__Your objective__
Skip the pictures, and retype the data below in full, exactly.

__Data section__
☆ ☆ ☆ ☆ ☆
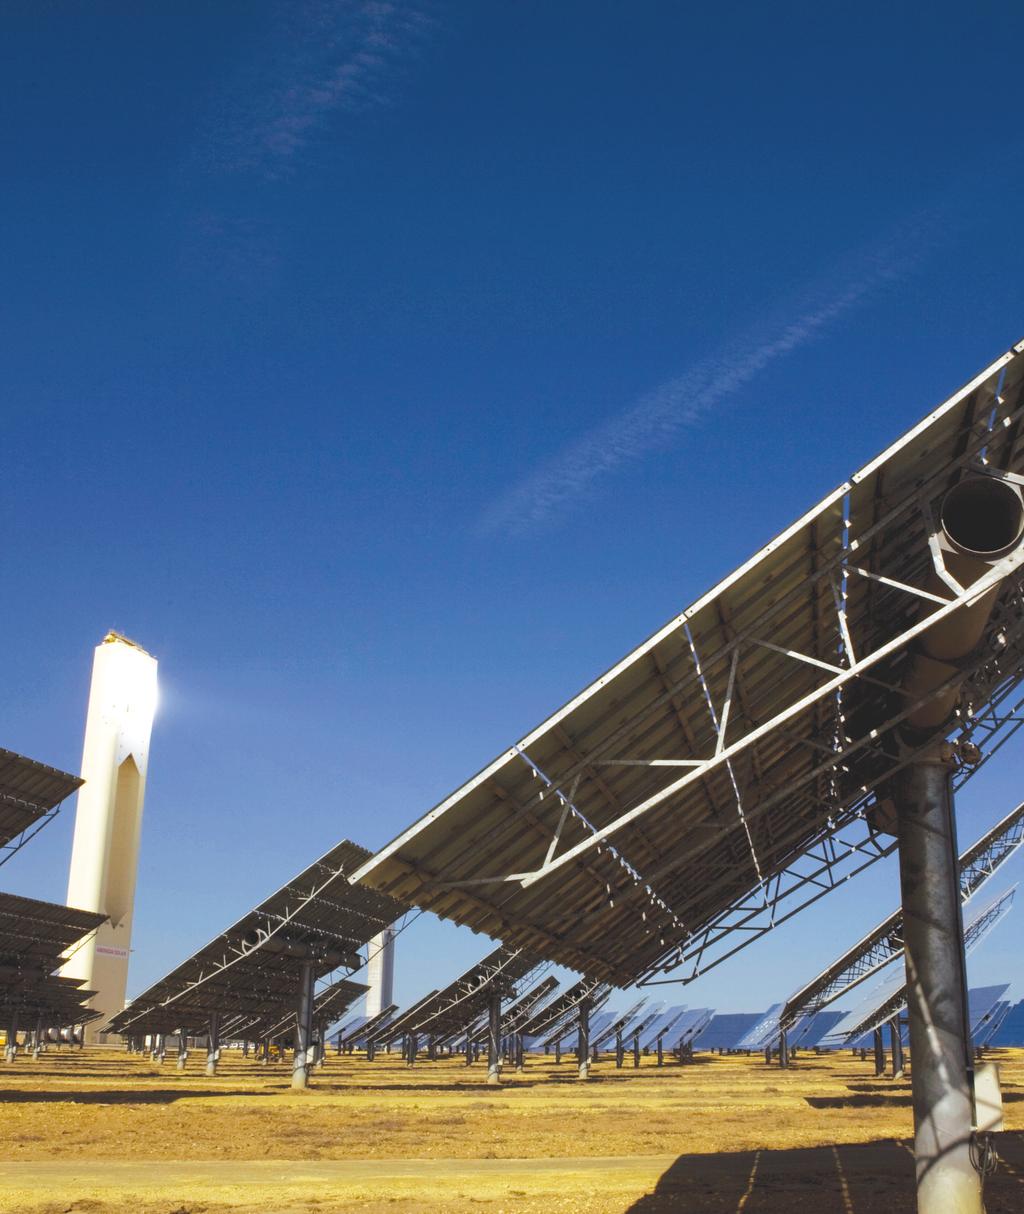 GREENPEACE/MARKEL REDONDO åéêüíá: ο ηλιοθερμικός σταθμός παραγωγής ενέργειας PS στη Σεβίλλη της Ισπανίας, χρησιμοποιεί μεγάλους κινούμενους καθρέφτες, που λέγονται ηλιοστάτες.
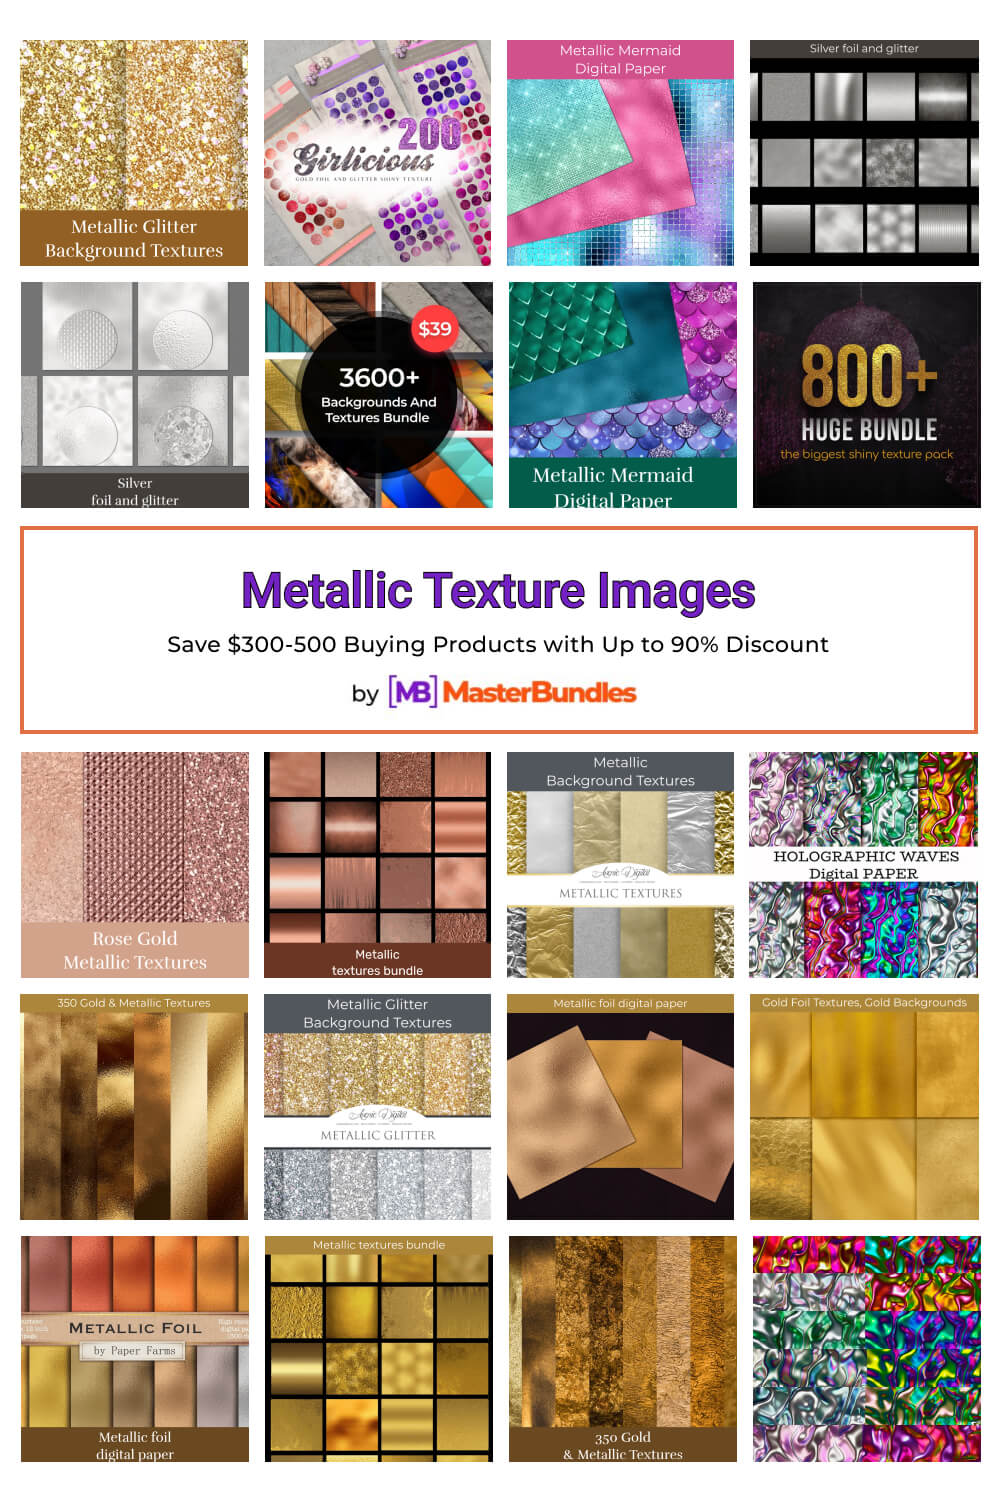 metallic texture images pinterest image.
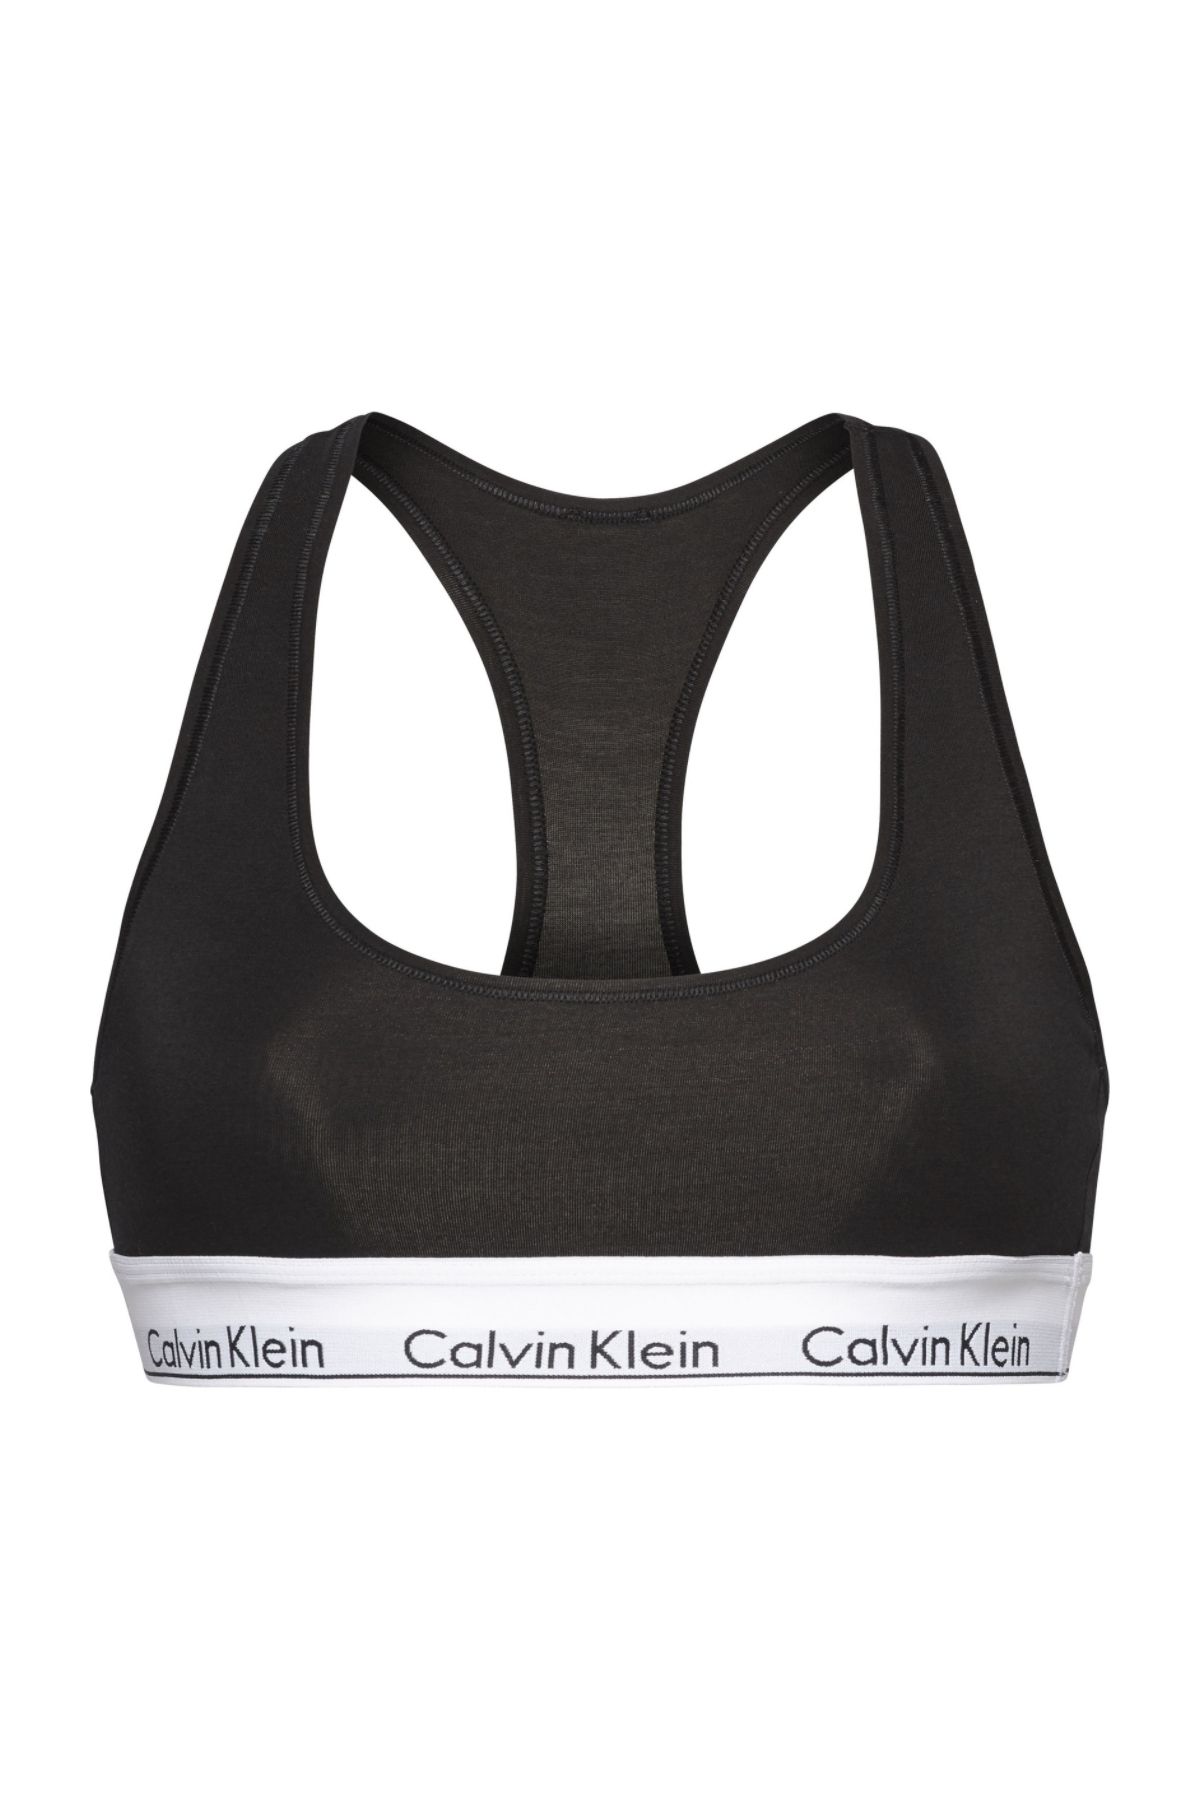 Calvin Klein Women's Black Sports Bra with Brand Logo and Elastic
☆ ☆ ☆ ☆ ☆
__Response area__
 GREENPEACE/MARKEL REDONDO åéêüíá: ο ηλιοθερμικός σταθμός παραγωγής ενέργειας PS στη Σεβίλλη της Ισπανίας, χρησιμοποιεί μεγάλους κινούμενους καθρέφτες, που λέγονται ηλιοστάτες.
 metallic texture images pinterest image.
 Calvin Klein Women's Black Sports Bra with Brand Logo and Elastic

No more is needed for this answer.